Sunday, April 15, 2012

Songji Ancient Town

Spring continues here in YC and we spent the weekend exploring a few things that we had heard about here and there. First of all, I've been experimenting with making some less garish HDR pictures. I'd been wanting to get a photo that looked like what my eyes see from our apartment window in the evening light... but somehow it always just came out looking like a grubby bunch of concrete buildings. Finally, with the help of some clear sky and HDR processing the full beauty (?) of suburban Yongchuan as seen in my brain can be revealed:

It looks like this in my brain, if not in reality
On Friday we learned that the circus had quite literally come to town. Entertainment is pretty scarce around here, so we went to check it out. Sadly my fears of doped-up ferocious animals being interfered with for our viewing pleasure were founded and China really is the land that animal rights forgot. On the positive side, the acrobats performed some death-defying (literally) feats high above the concrete floor on bamboo poles and swinging metal contraptions. The only animal act that I didn't feel so bad about was the small-monkey-doing-a-handstand-on-an-elderly-goat-balancing-on-a-podium trick. That's a new one to me.

That's entertainment.
I'd read about Songji town on someone's blog (see, they can be useful) and we finally got around to visiting on Sunday. A couple of hours country-road bike riding got us there and we found what we were looking for without too much trouble. Since the original blogger's visit in 2009 things have moved on a bit and there were quite a few signs (in English!) to tell us what we were looking at.

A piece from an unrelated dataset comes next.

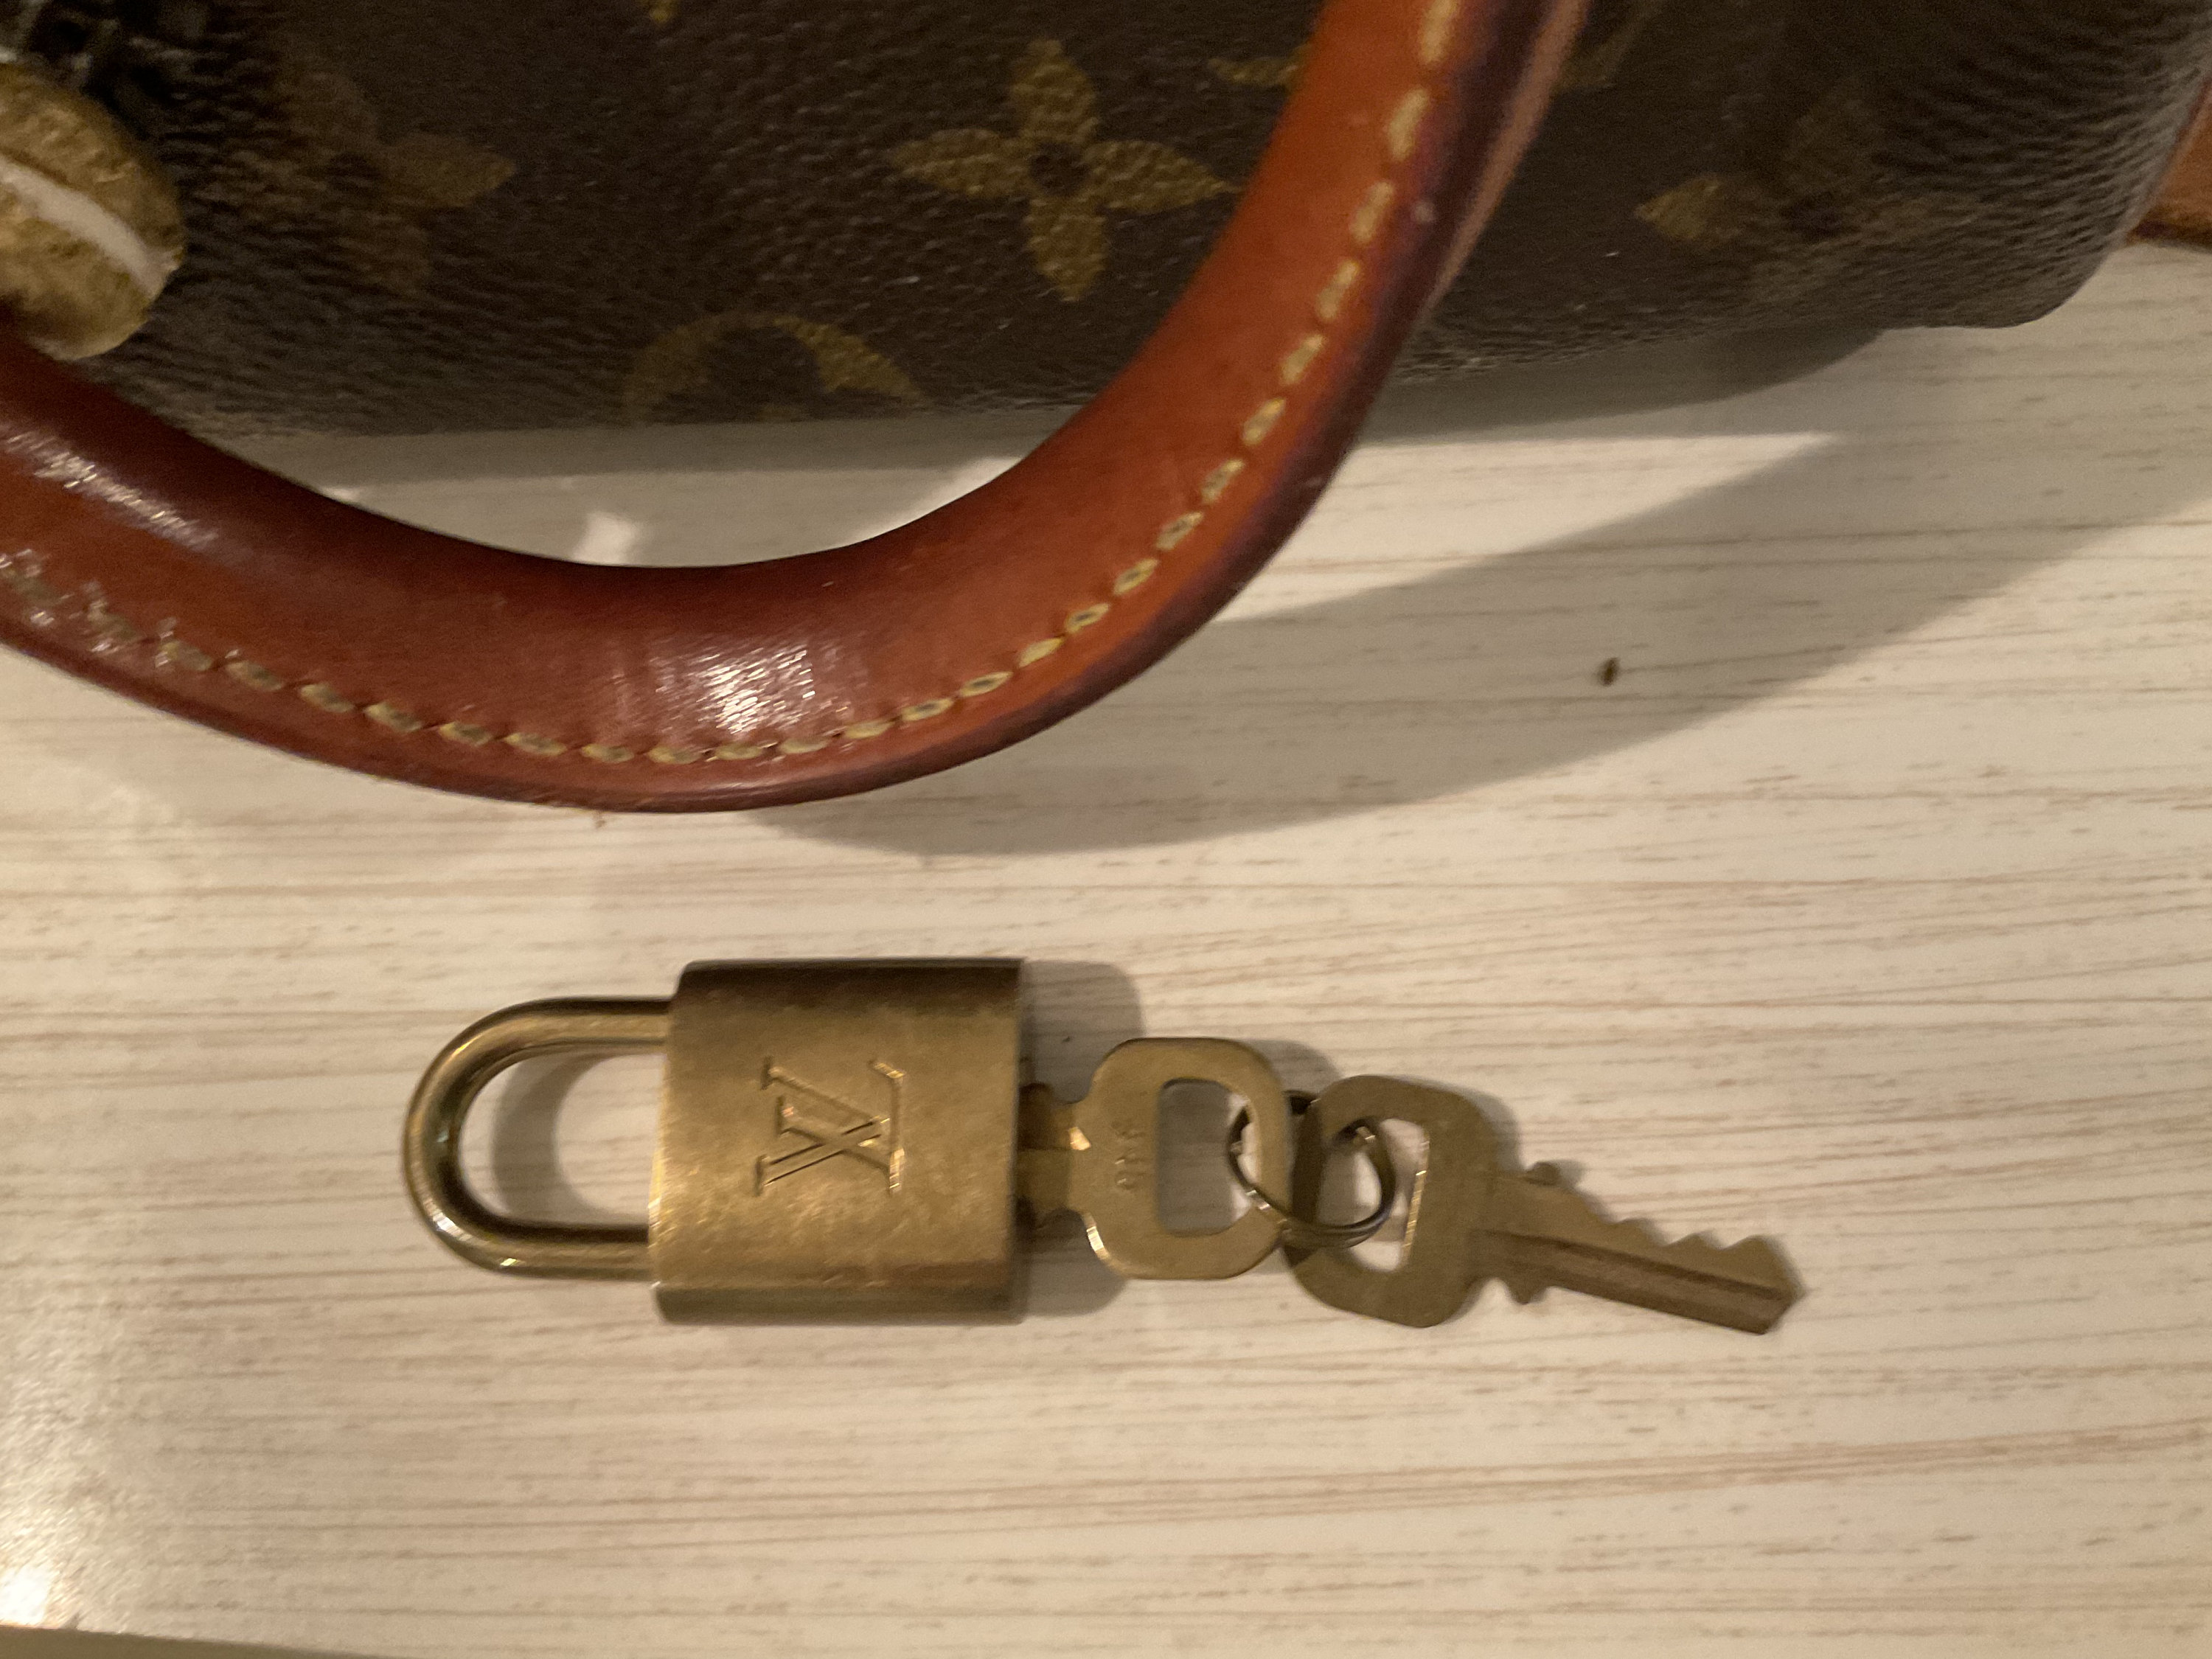 Vintage Louis Vuitton Speedy Mini Handbag Lock & Key

A Songji tractor. Different to a Chelsea tractor.
Water street
More HDR fun with some roof tiles
Whilst getting on with the usual struggle of ordering some food in a street restaurant, we heard the welcome words "Can I help you?". This is how we met "Tremor", a young college instructor from Yongchuan who was keen to practice his English with us. In a deal that I still don't understand, he paid for our lunch in return for him helping us order it. We chatted for a while and walked together with his students down to the town beach (of sorts) on the Yangtze. Whilst the Mother River isn't the cleanest, people were enjoying paddling in the fast flowing shallows, flying kites, and watching the ships race by in the current. The sun had come out and we enjoyed a very springlike ride back to Yonchuan, through the sprouting rice fields.